*TASK*. Write out the lines below exactly, beginning at the one with "NBA 2K15 (Xbox" and stopping after the one with "Image of Sanderson"; the pictures are not copied.

___ INFORMATION

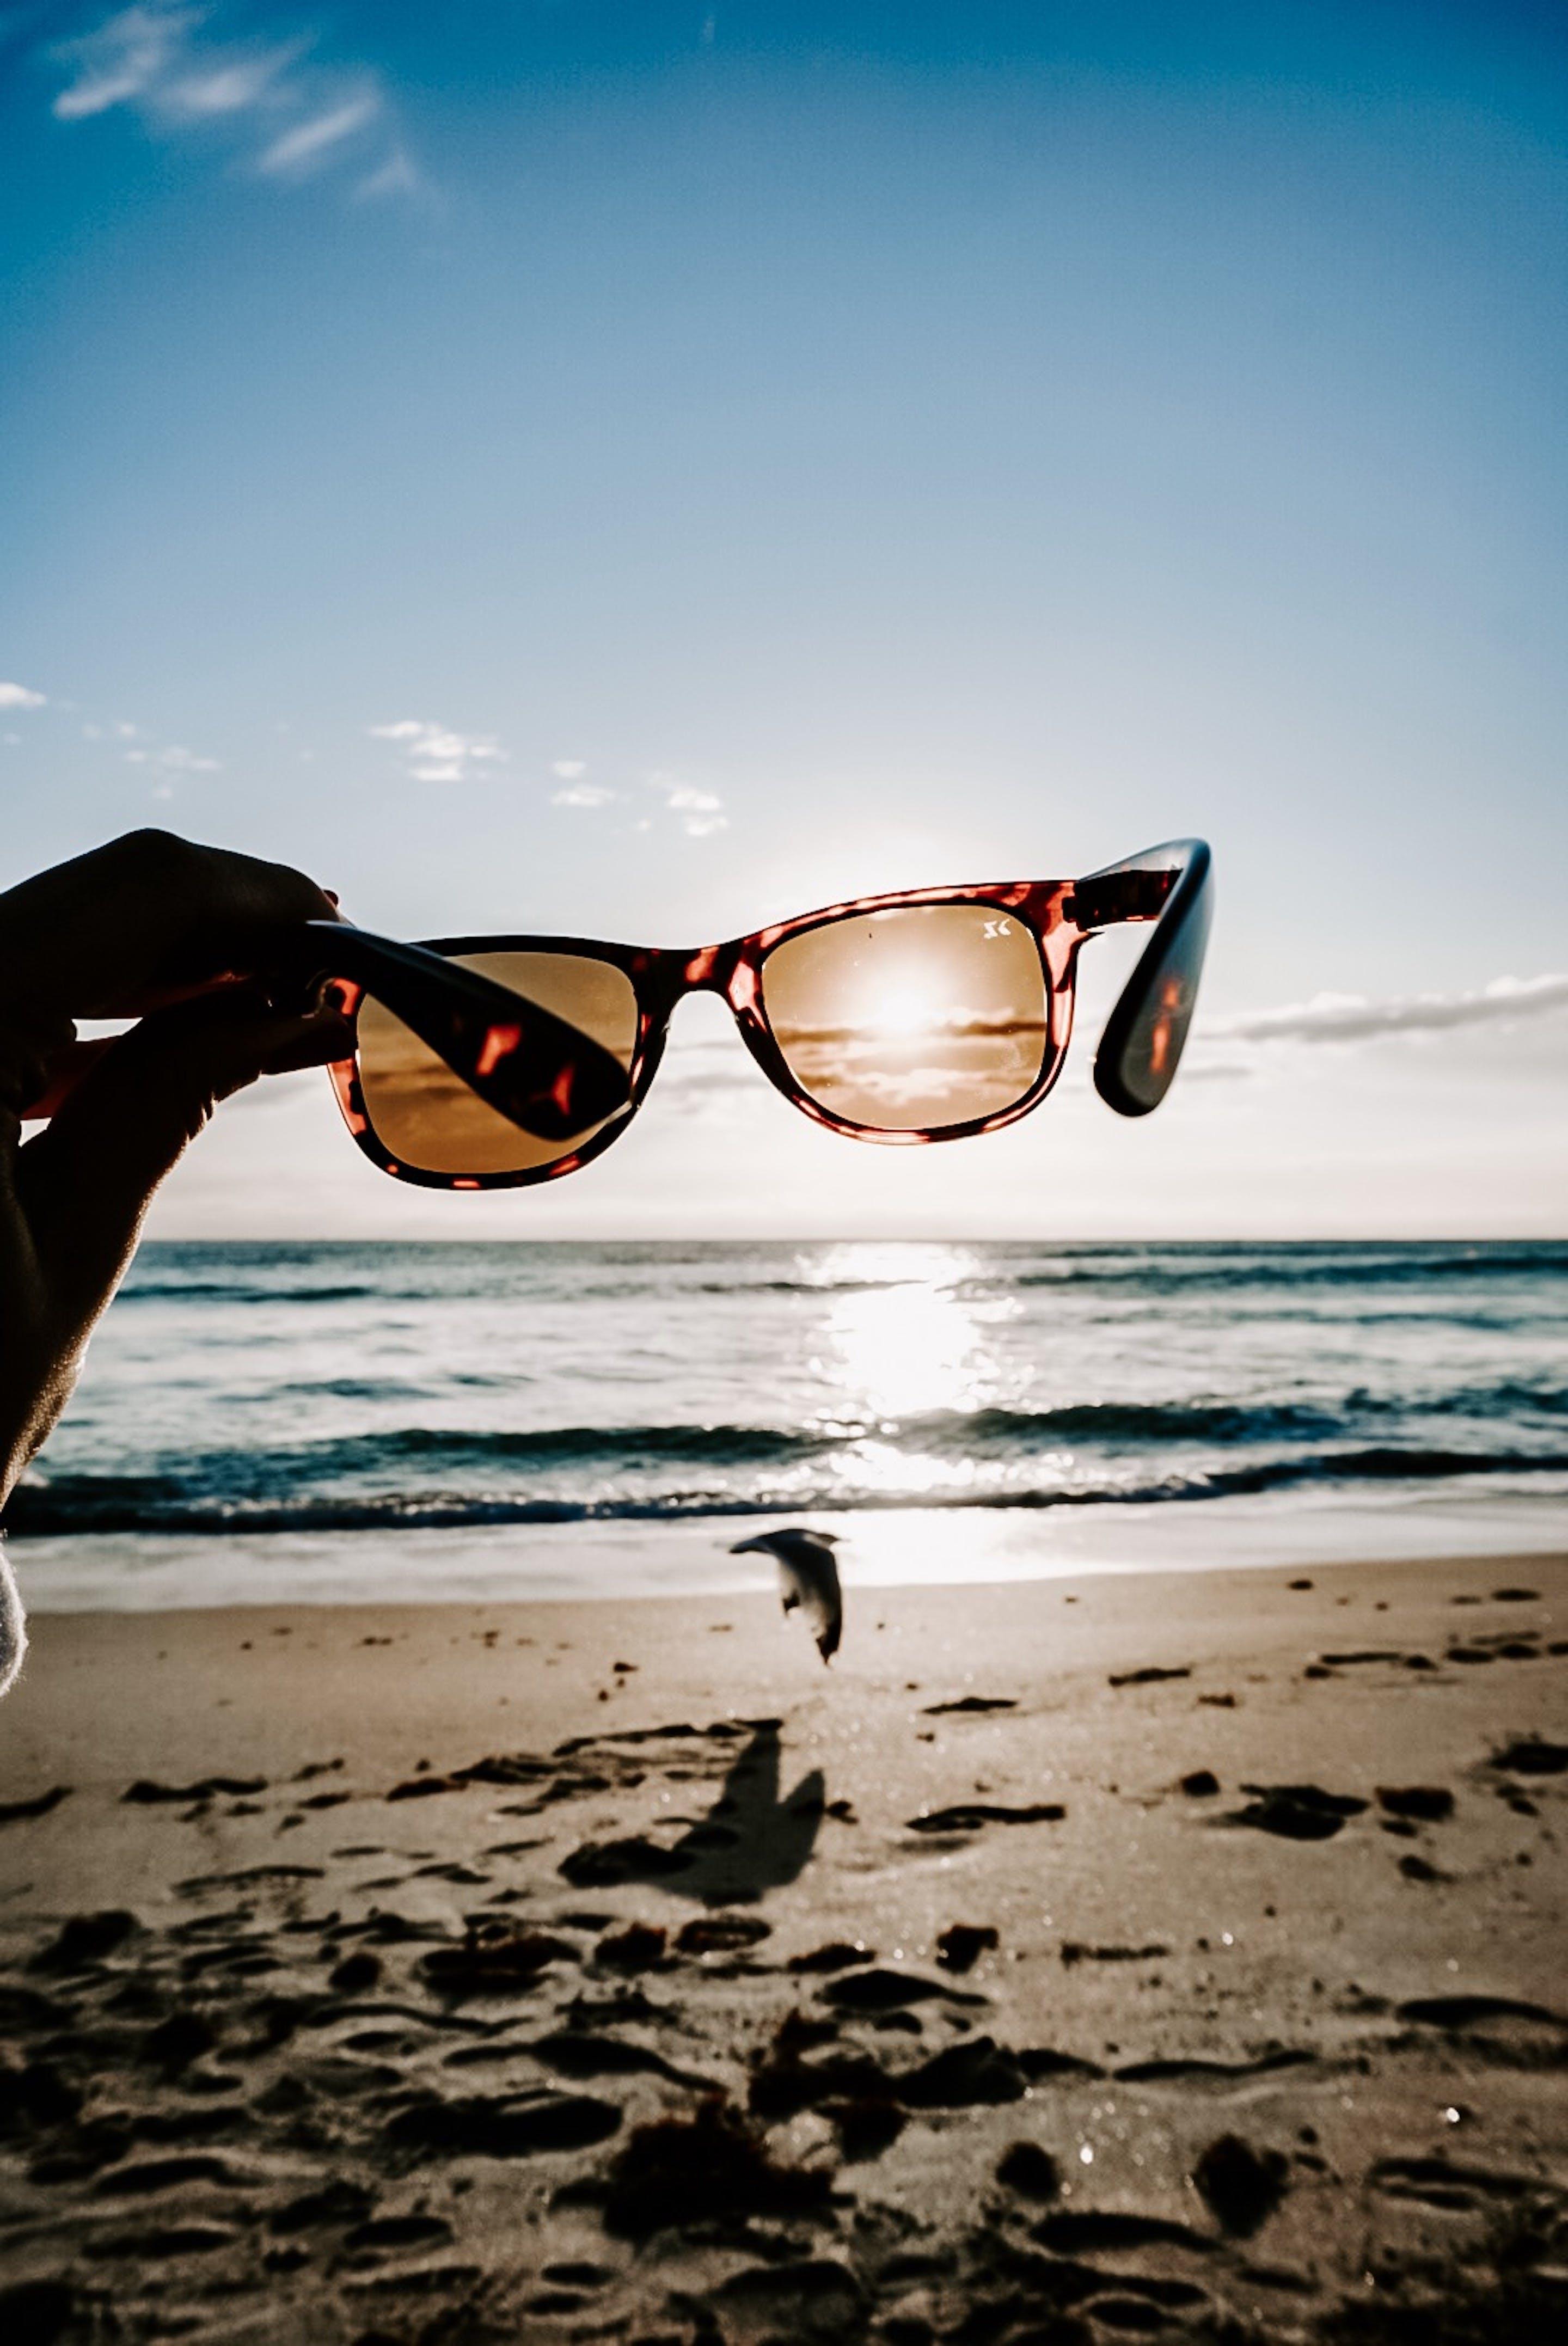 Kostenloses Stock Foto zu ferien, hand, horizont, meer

______
___ INFORMATION

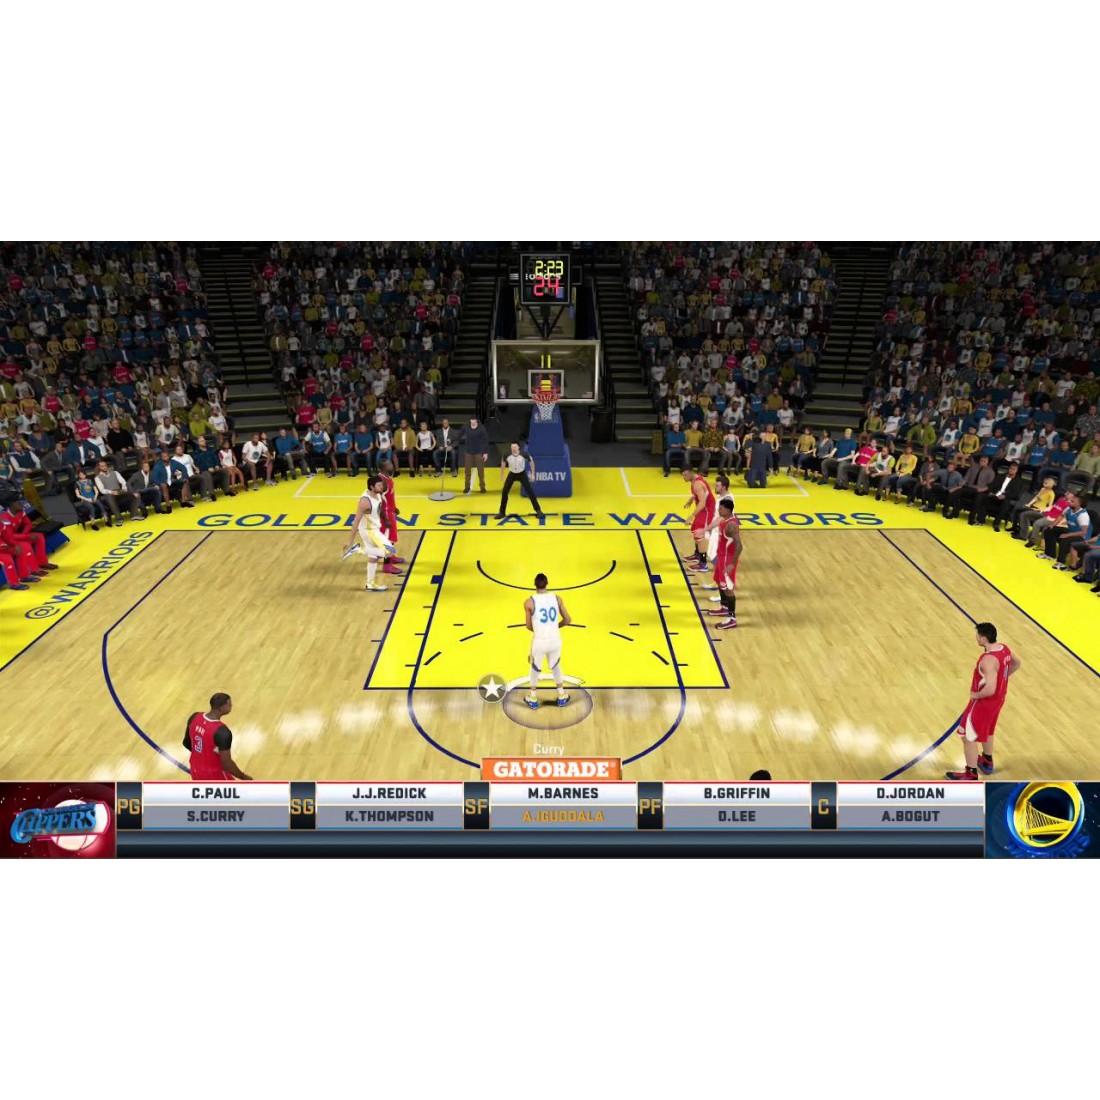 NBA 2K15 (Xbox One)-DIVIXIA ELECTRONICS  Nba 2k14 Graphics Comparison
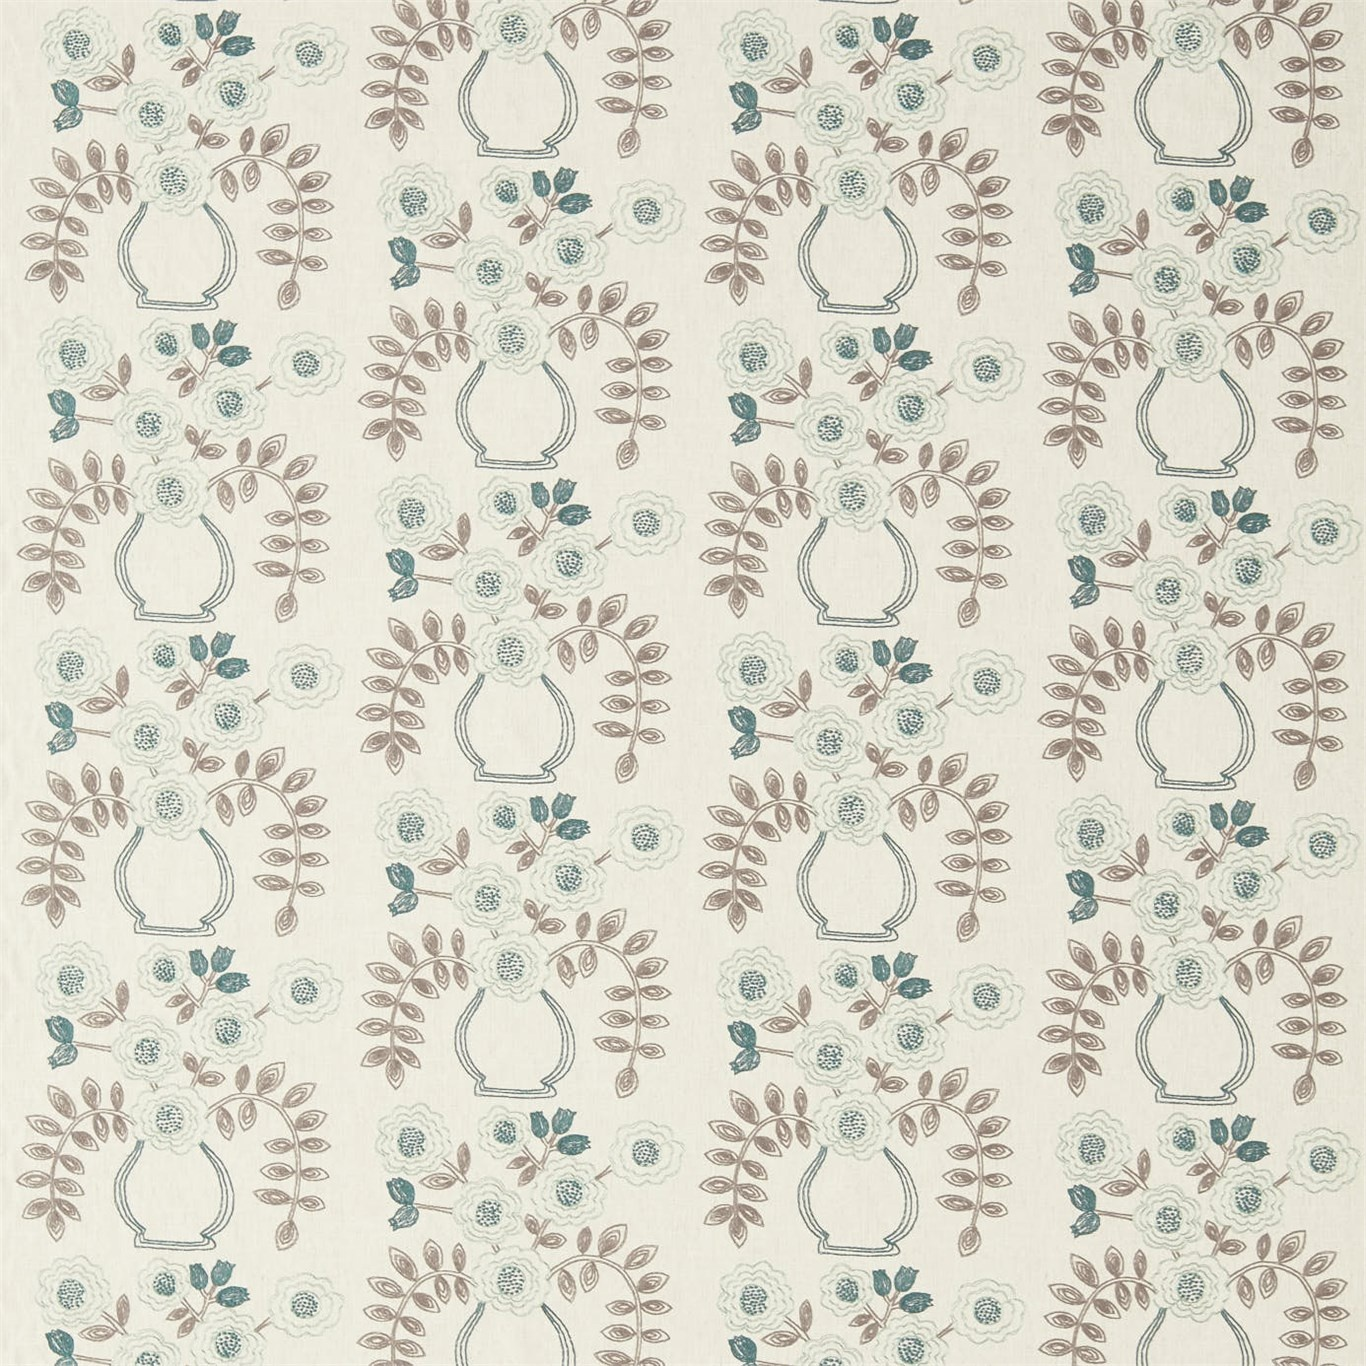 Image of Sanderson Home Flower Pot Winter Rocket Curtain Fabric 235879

______

*RESPONSE BELOW*.
 NBA 2K15 (Xbox One)-DIVIXIA ELECTRONICS  Nba 2k14 Graphics Comparison
 Image of Sanderson Home Flower Pot Winter Rocket Curtain Fabric 235879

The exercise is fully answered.